Sunday, August 30, 2009
Permission to Fail
Or, rather, life is messy.
I'm hoping to get together soon with my moon howlin' buddies, talk about life's messes.
I'm not saying I'm a mess. Just messy.
I start back to work tomorrow. It is exciting.
What a great job I have. It is a lot of work. Demanding work. Important work.
Teachers get a couple of months to recharge their pedagogical batteries, continue their education, and simply catch their breaths.
I am ready!
I teach an interesting age, middle school. That is 6th, 7th, & 8th grades. Aside from the first three years of life, I think these three years cover the greatest changes of their lives.
Now I strongly believe in teaching my subject, delivering what I am charged to bring to them. But I think there is a more important thing for them to learn. They need to learn the skills that will bring them success in high school.

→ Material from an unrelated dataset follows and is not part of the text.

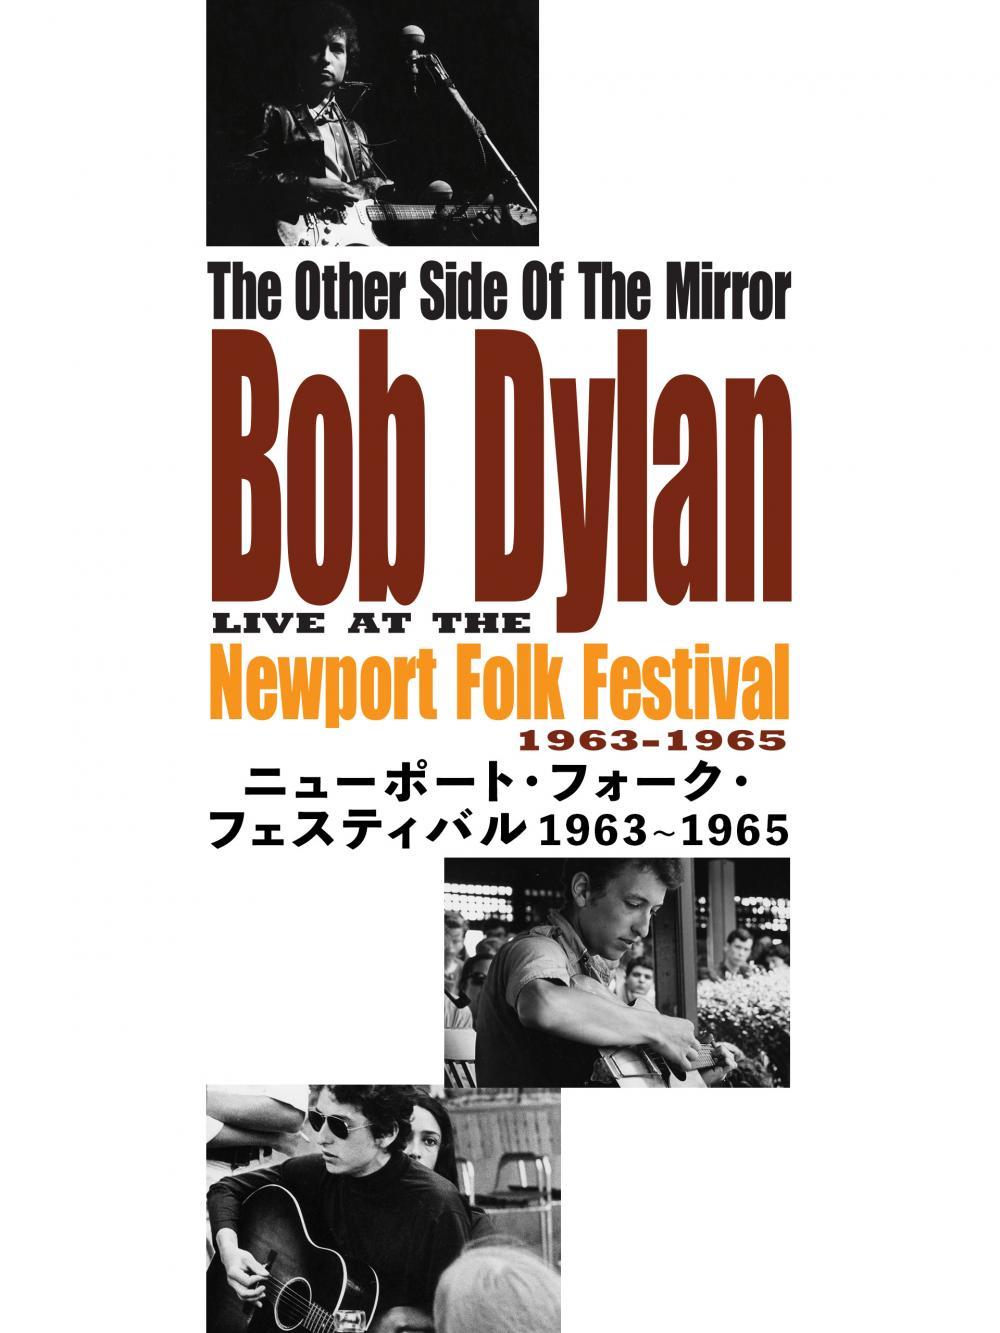 ニューポート・フォーク・フェスティバル 1963~1965 | ソニー

They need to learn to take responsibility for their learning... homework, study skills, meeting due dates, simply doing the work of a student.
If there is ever a time for a student to trip, to make mistakes and learn from them, it is middle school. No prospective employer will ask about their 6th grade marks, no college transcript will reveal their GPA from 8th grade.
I think this is true of life in general.
I would love to be successful at all I do. To be the perfect father, to shrug off my divorce easily, to be an always obedient follower of my faith.
13.7 billion years. That's how long this universe has been around. It's a long time. I whole heartedly believe my "future" will be longer than that. I'm comfortable with that idea.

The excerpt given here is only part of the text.